Calm before the storm for Japan suicides as coronavirus ravages economy

Author: Agencies

The phones at the Tokyo suicide hotline start ringing as soon as it opens for its once-weekly overnight session. They don’t stop until the lone volunteer fielding calls from hundreds of people yearning to talk signs out early the next morning.

Both operating days and volunteer numbers at the volunteer-run Tokyo Befrienders call centre have been cut to avoid coronavirus infection, but the desperate need remains.

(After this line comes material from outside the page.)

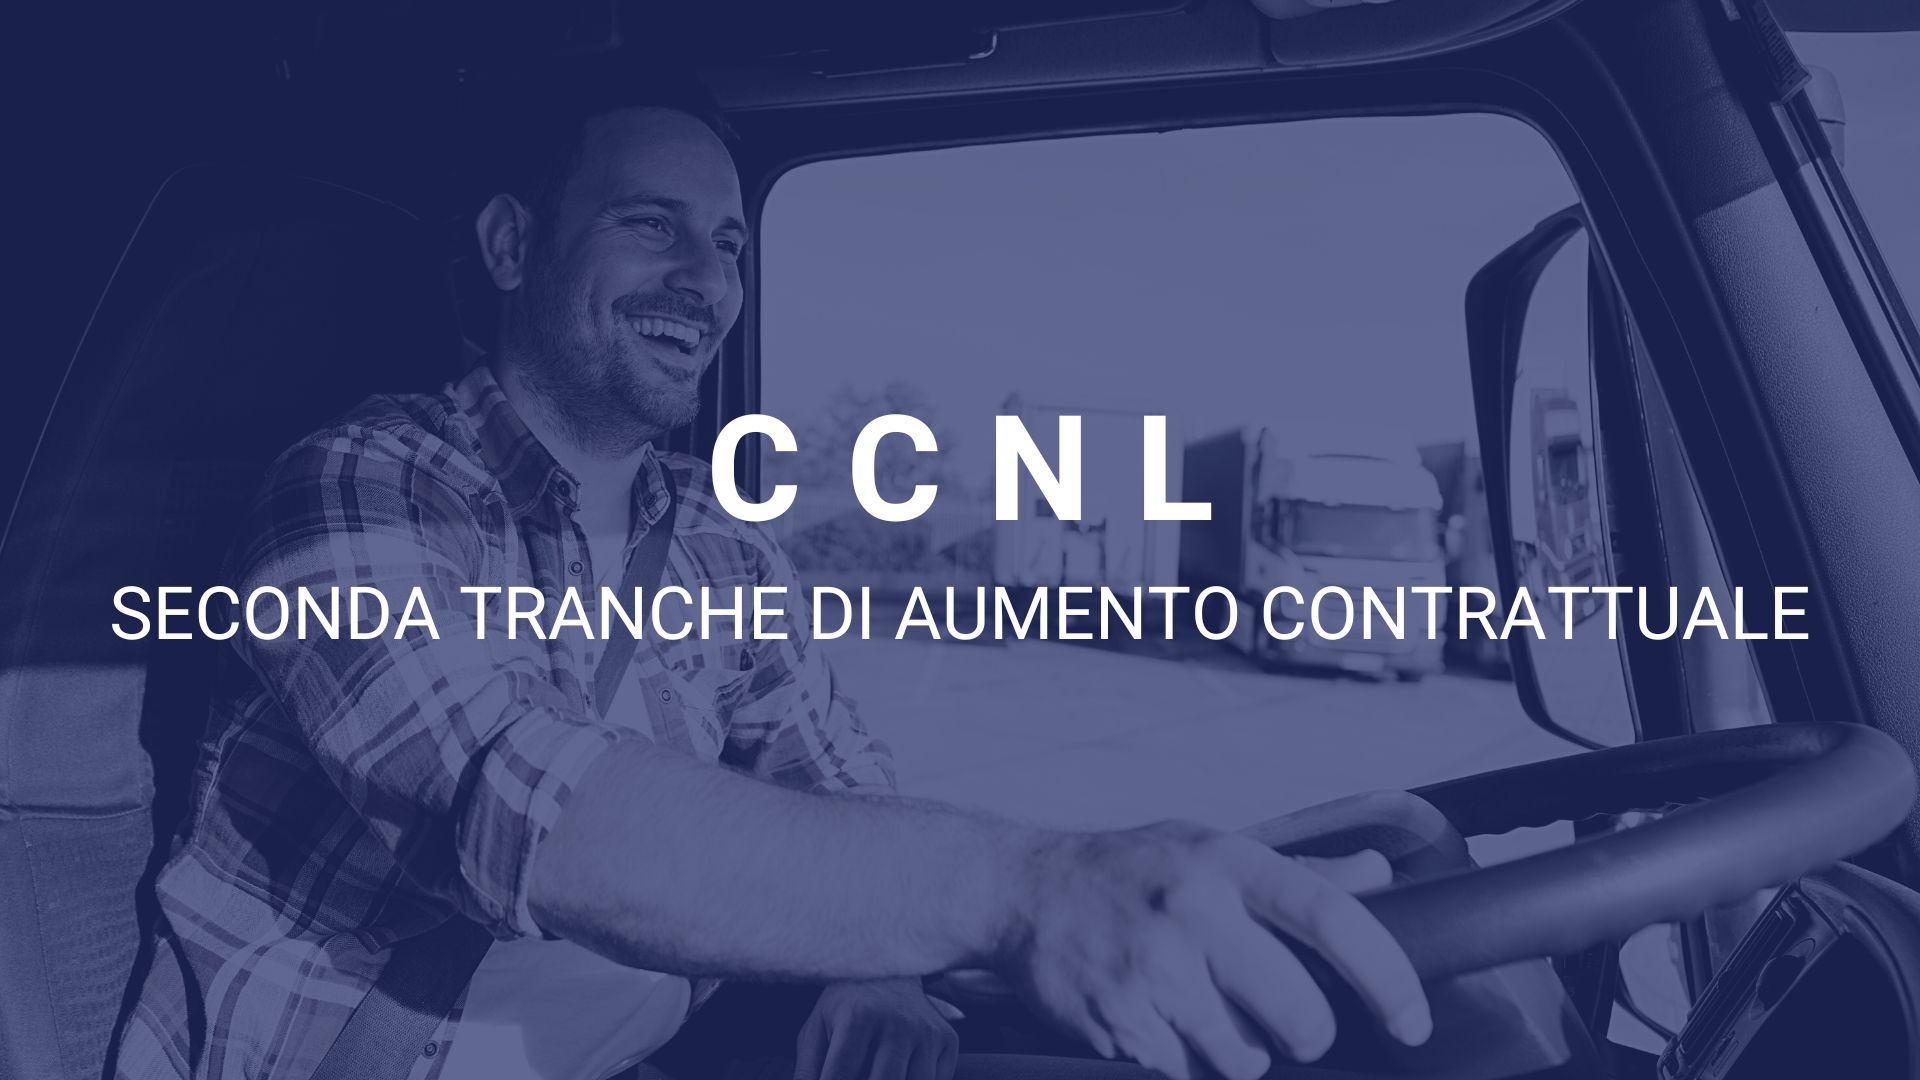 CCNL in erogazione ad ottobre la seconda tranche di aumento contrattuale.

“There are so many people who want to connect and talk to somebody, but the fact is we can’t answer all of them,” centre director Machiko Nakayama told Reuters.

Health workers fear the pandemic’s economic shock will return Japan to 14 dark years from 1998 when more than 30,000 people took their lives annually. With the grim distinction of the highest suicide rate among G7 nations, Japan adopted legal and corporate changes that helped lower the toll to just over 20,000 last year.

Worried the current crisis will reverse that downward trend, frontline workers are urging the government to boost both fiscal aid and practical support.

“We need to take steps now, before the deaths begin,” said Hisao Sato, head of an NGO that provides counseling and economic advice in Akita, a northern prefecture long known for Japan’s worst suicide rate.

National suicides fell 20% year-on-year in April, the first month of the country’s soft lockdown, but experts said that was likely due to an internationally recognised phenomenon in which suicides decrease during crises, only to rise afterwards. “It’s the quiet before the storm, but the clouds are upon us,” Sato said.

Prevention workers see echoes of 1998 when a sales tax hike and the Asian economic crisis first drove annual suicides above 30,000, then to a peak of almost 34,500 in 2003.

Economic circumstance is the second biggest reason for suicides, behind health, according to 2019 police data, which also shows that men are nearly three times more likely to kill themselves than women, and most are in the 40-60 age group.

The current crisis, which is forecast to shrink Japan’s economy 22.2 percent this quarter, is especially dangerous for cash-strapped small and medium-sized businesses for whom government subsidies might not arrive in time.